El centurión cogió el casco, saludó y salió de la tienda a paso rápido.

Vespasiano se dio cuenta de que el griterío había aumentado: el tintineo de las armas y las corazas indicaba que un gran contingente de soldados se disponía a ponerse en marcha. Le costó resistir el impulso de salir corriendo de la tienda para ver qué ocurría, pero ¡que lo asparan si se permitía comportarse como un nervioso tribuno subalterno en su primer día en el ejército! Se obligó a coger un rollo y empezar a leer los últimos informes de efectivos. Sonaron unas pisadas en las tablas de madera del suelo que había justo en el exterior de la tienda.

– ¿Está el legado ahí dentro? -les gritó alguien a los centinelas que montaban guardia junto a los faldones de la entrada a la tienda de Vespasiano-. Pues dejadme pasar.

Los faldones de cuero se abrieron y Plinio, el tribuno superior, entró a toda prisa, jadeando. Tragó saliva ansiosamente.

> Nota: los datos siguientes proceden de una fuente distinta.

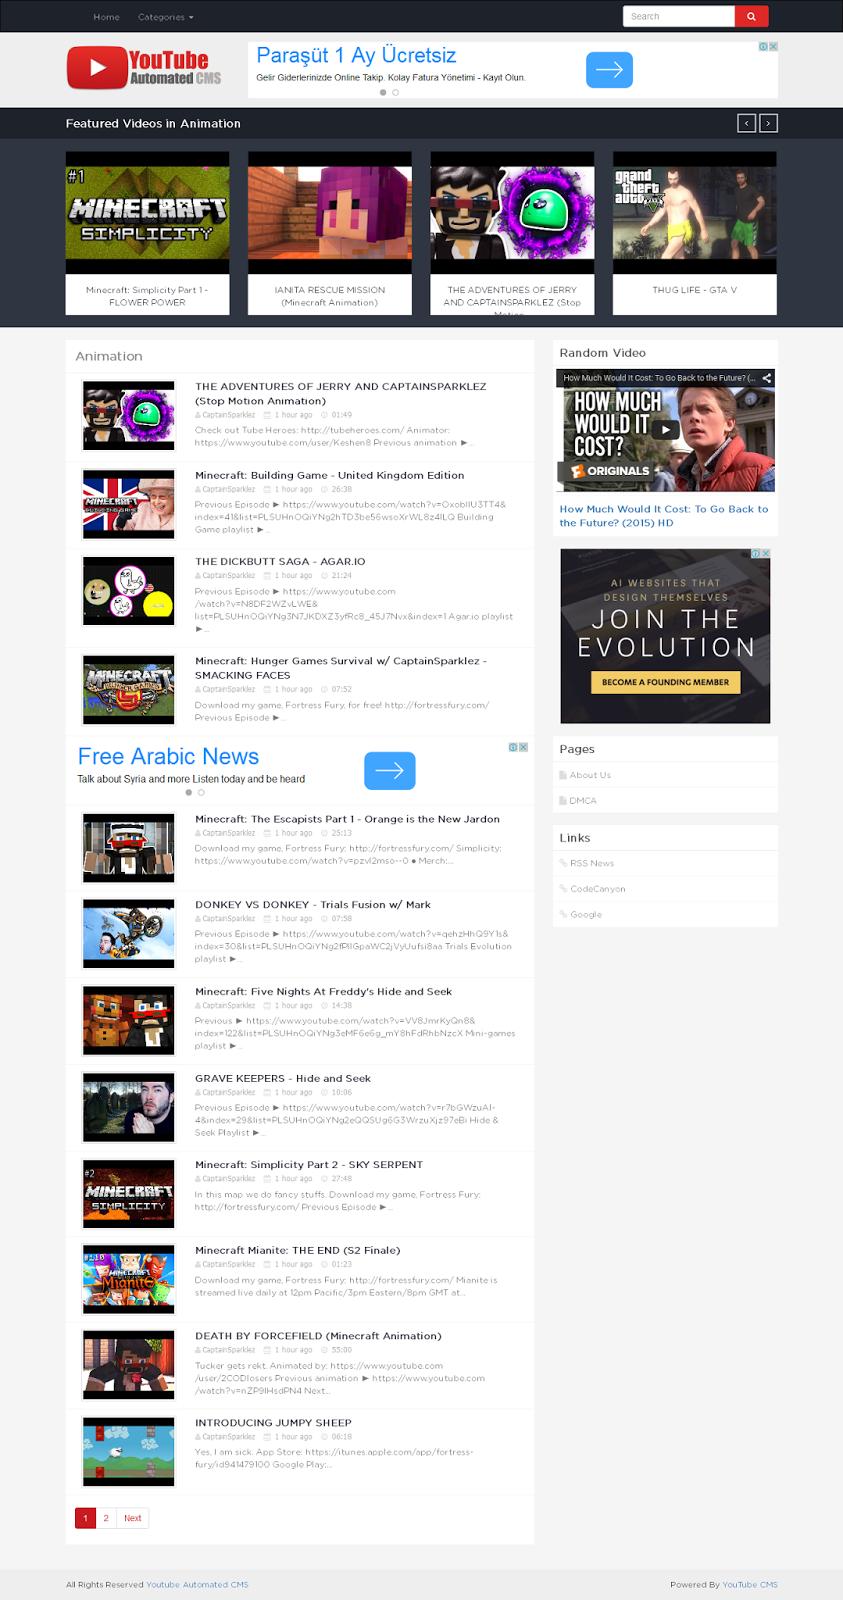 Youtube Automated Cms By Teedeskdev: حصريا حمل مجانا سكربت موقع فيديوهات YouTube Automated CMS
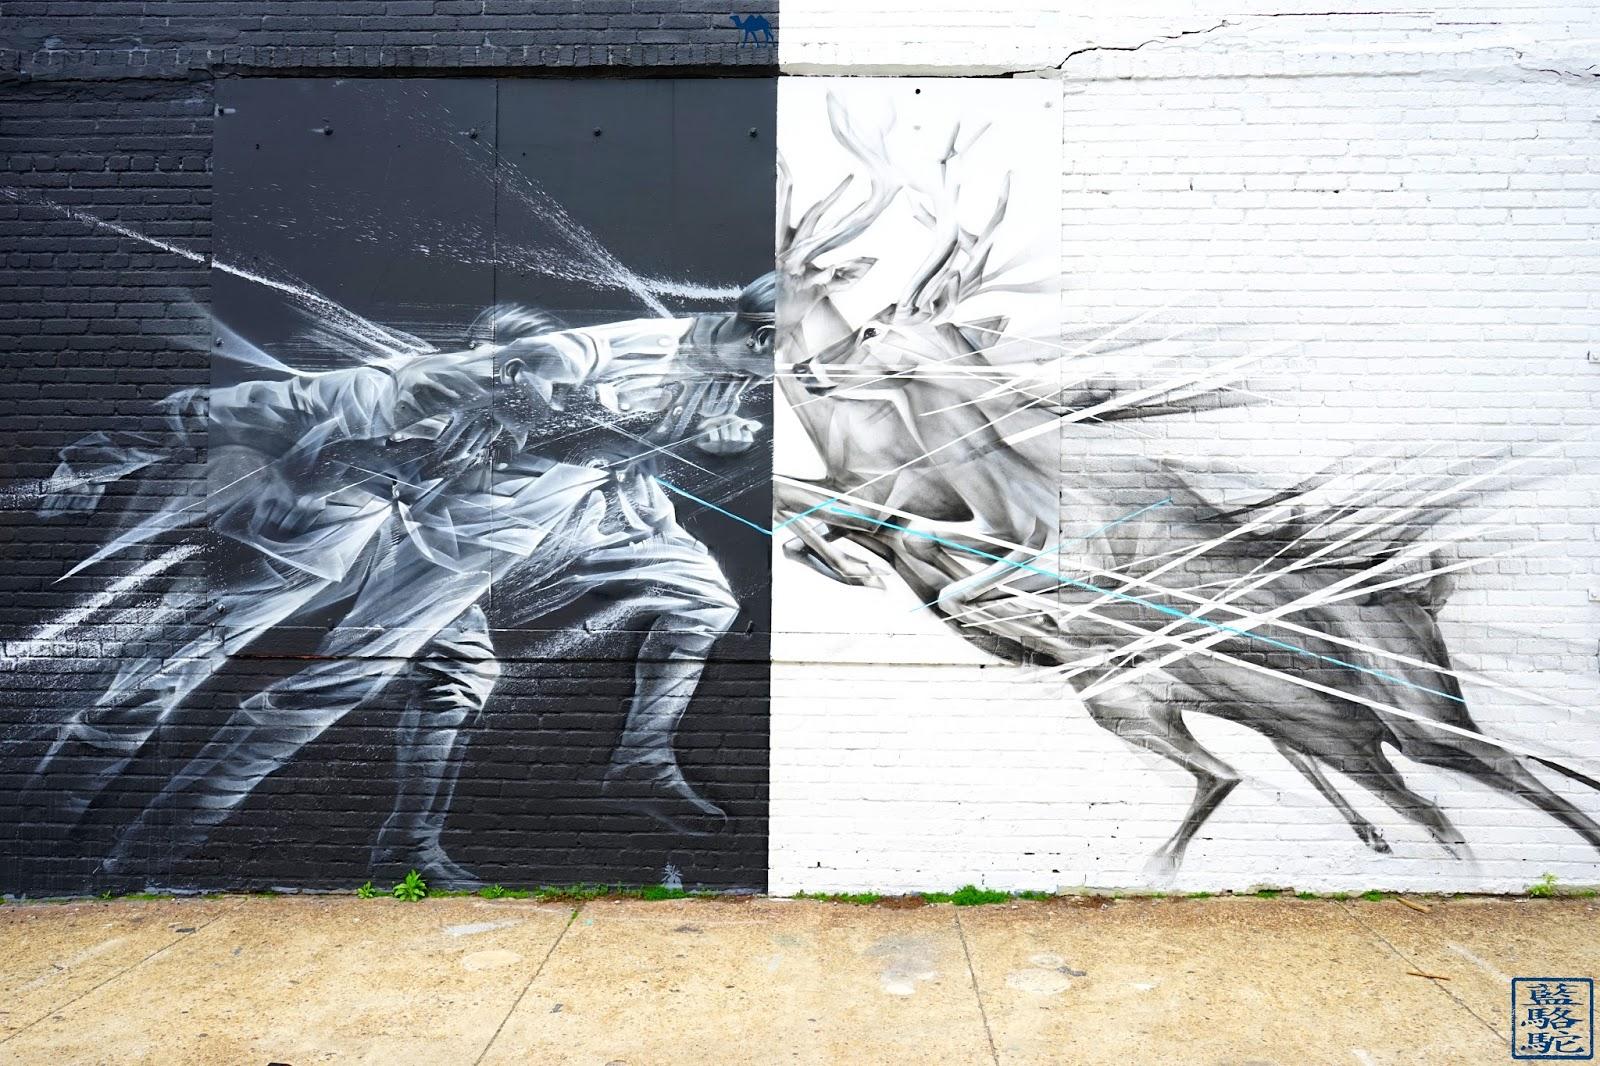 Le Chameau Bleu - Home Cerf - Bushwick - Balade à Brooklyn New York

– ¡Señor! Tiene que ver esto.

Vespasiano levantó la vista de las hileras de números del pergamino.

– Cálmate, tribuno. Ésta no es la manera de comportarse de un oficial superior.

– ¿Señor?

– Uno no va zumbando por todo el campamento a menos que se trate de una emergencia de lo más grave.

– Si, señor. -¿Y estamos en grave peligro, tribuno?

– No, señor. -Entonces no pierdas la calma y sirve de ejemplo al resto de la legión.

– Sí, señor. Lo lamento, señor.

– Está bien. ¿Qué es eso tan urgente que debes explicarme?

– Se acercan unos hombres al campamento, señor.

– ¿Cuántos?

– Dos, señor. Y algunos más que se han quedado junto al bosque.

– ¿Dos? ¿Y entonces a qué viene todo este alboroto?

– Uno de ellos es Romano…

Vespasiano esperó pacientemente un momento.

– ¿Y el otro? -No lo sé, señor. No he visto nada igual en toda mi vida.